Bajo la luz que escaseaba cada vez más, la figura de los muchachos se volvía una sombra vívida bajo el árbol, una sombra que se estremecía cada tanto sobre el sofá, como intranquila, como indecisa.

Luego de la tercera súplica, se detuvo sin detenerse. Dejó en paz aquel cuello, ahora lleno de marcas y besos, y volvió al inicio, a las faldas de aquel par de delicados labios que tanto le robaban el sueño.

Y los besó como Diana nunca lo haría, porque eso era justo lo que quería recalcar, lo que buscaba hacerle entender, de buenas a primeras. Espera que lo comprenda, que lo memorice y no lo olvide nunca mientras, con su valentía de por medio, insiste en querer ocupar el puesto de su prima.

Jeremy, perdido entre una cosa y otra, apenas y puede dirigirle palabra alguna para respirar, para darse espacio, aunque sus manos lo traigan de vuelta.

Cuando la oscuridad era demasiada, todas las luces se encendieron. Entonces recordaron a Marlon y volvieron, de golpe, la mirada hacia la puerta: no había nadie.

Suspiraron.

Suspiraron una segunda vez y sus miradas se reencontraron, ahora, teñidas por la claridad de las luces artificiales.

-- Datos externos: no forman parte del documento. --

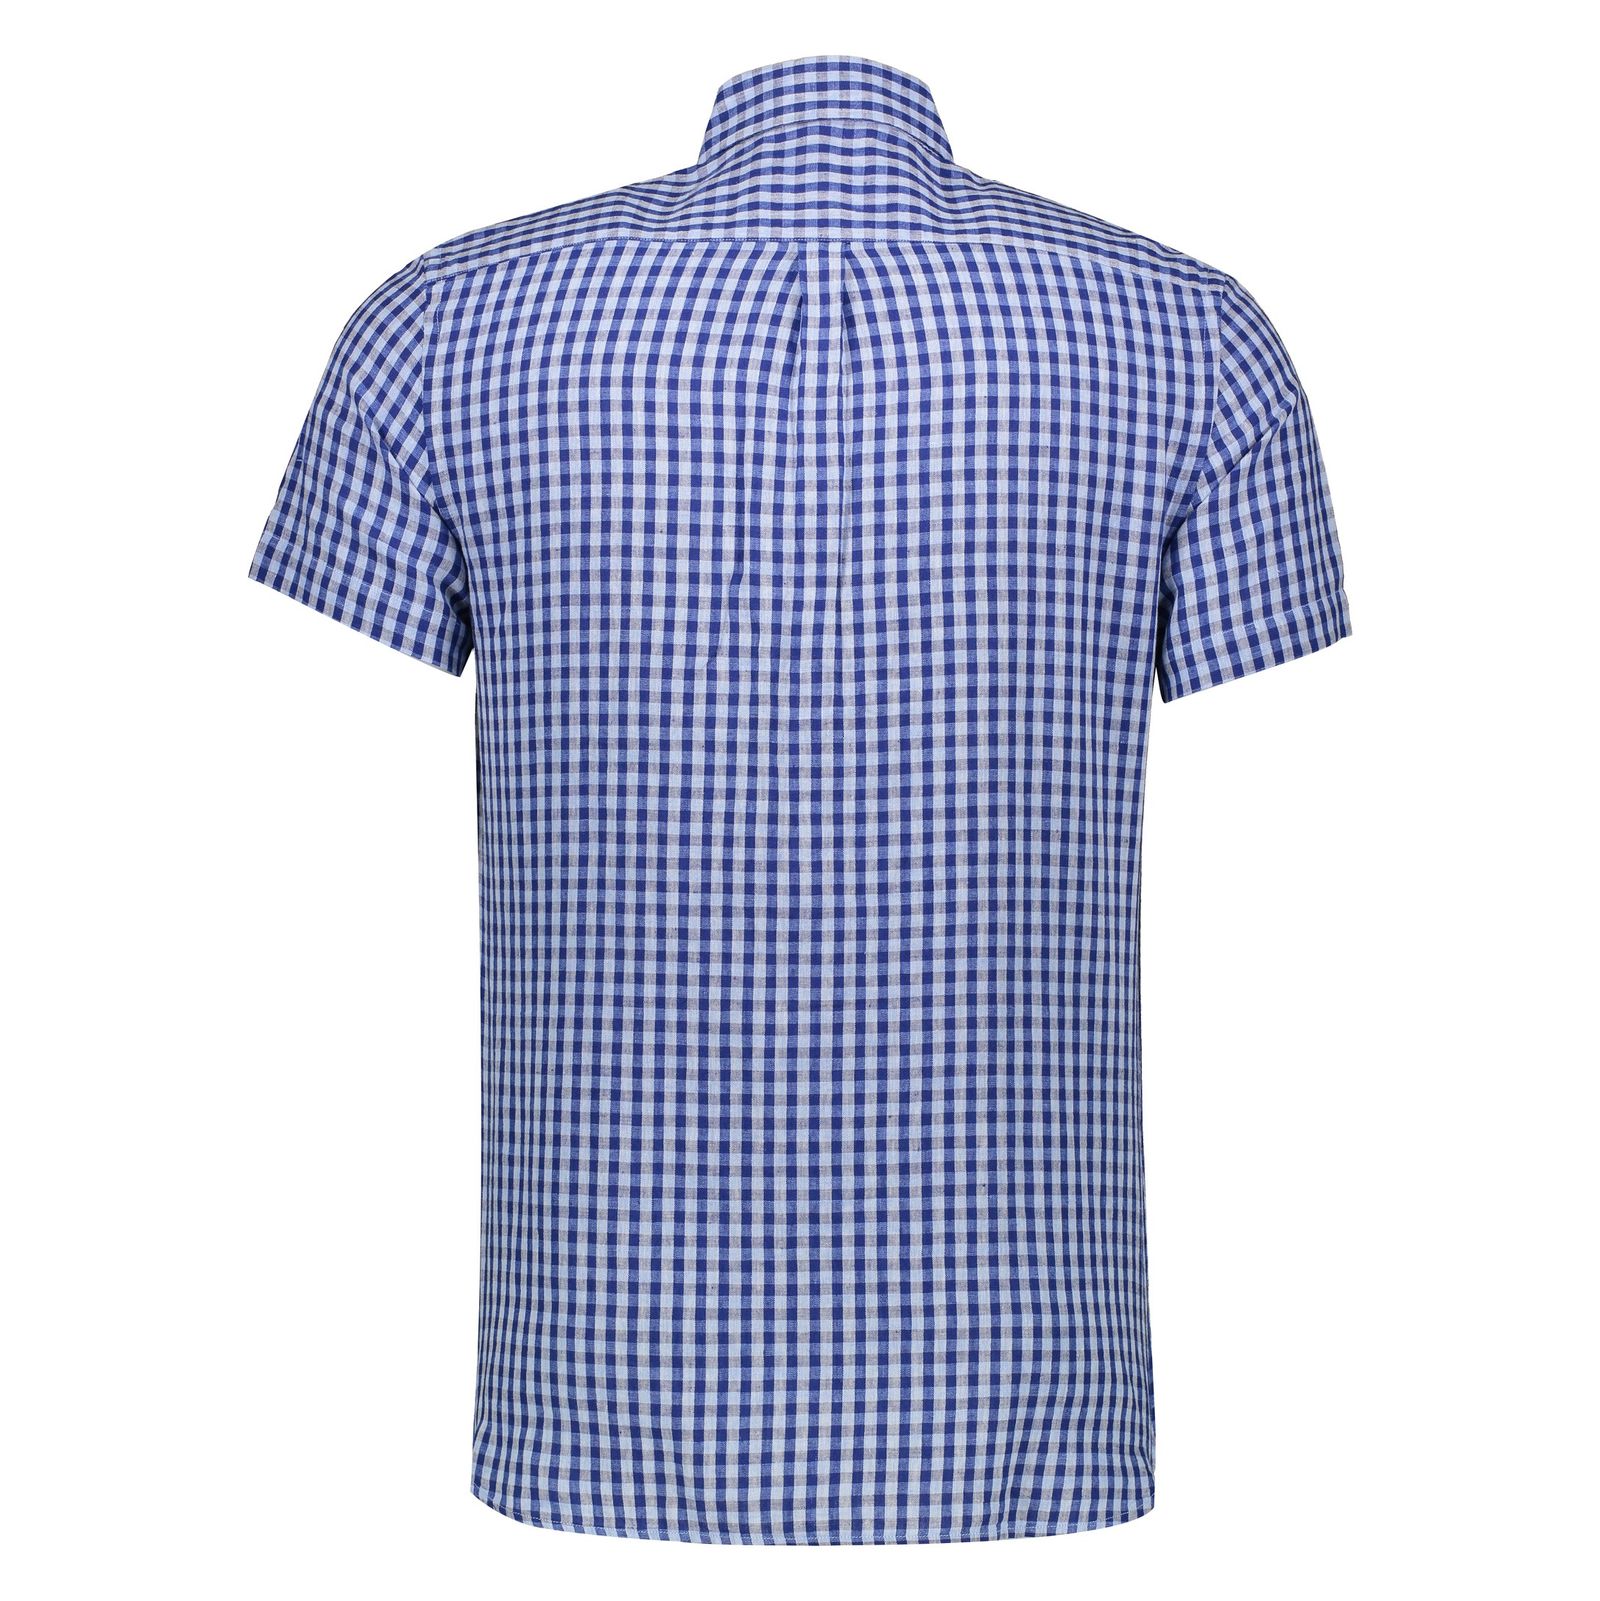 پیراهن مردانه کورتفیل مدل 7549253-10 - آبی تیره - 3

Y lo notó como no lo había notado entre las sombras: Jeremy se veía demasiado hermoso justo donde lo tenía, justo como estaba, justo como lo miraba.

Y éste no había apartado de él sus manos en ningún momento. Con esa miradita abrillantada, con esas manitos suaves, Jeremy permanecía en total quietud mientras acariciaba, con la punta de sus dedos, los labios del muchacho de cabellos nocturnos.

–Quiero que te vayas... –dijo entonces Jeremy con la mirada perdida en el azul de sus ojos.

–¿Ya fue suficiente? –pregunta Caleb inexpresivo, intentando comprender el súbito castigo; –¿Ya tuviste lo que querías?

–Sí, ya fue suficiente. Se acabó –recalca Jeremy, todavía embelesado con aquella piel entre sus manos; –No quiero que vuelvas, no quiero.

–¿Y no podemos hab...?

–No quiero, Caleb.

Y las vio florecer de entre sus ojos, un par de lágrimas que esperaban no surgir hasta hallarse a solas.

Lo que decía iba enserio.

Iba tan enserio como las caricias que le daba sin pausa dándole a entender que su mensaje era tan confuso como lo era su actitud.

Y cuando intentó alejarse de él sintió, de nuevo, la contradicción ardiéndole entre los dedos, porque lucharon en su contra para que no se apartara, para que no se fuera, para que permaneciera ahí con él hasta que fuera, de verdad, suficiente.

"No quiero, Caleb. No quiero" repetía Jeremy cada tanto mientras floraban más y más lágrimas de sus ojos.

Entonces lo besó por última vez contagiado por aquellas lágrimas y se escurrió entre la noche, más allá de la cerca, calle abajo, preguntándose si estuvo bien eso haber hecho caso a sus palabras y no a sus acciones.

Marlon llevaría de vuelta al príncipe a su habitación, consternado por lo que no comprendía del suceso.

Caleb recobraría la compostura, a un par de calles, antes de darse vuelta y terminar recluido, como era costumbre, en casa de Nathaniel.

Éste no preguntó nada, al principio, solo para darle aire y espacio al desaforado Caleb que parecía haber llorado por largo rato. Cuando supo lo que quería saber, el diablo pareció rendirse con el traje rojo y vistió alas blancas mientras reanimaba el espíritu de su mejor amigo.

–Bueno, amigo mío –dice Nathaniel palmeándole la espalda; –el amor es lo que es: un accidente para nada accidental.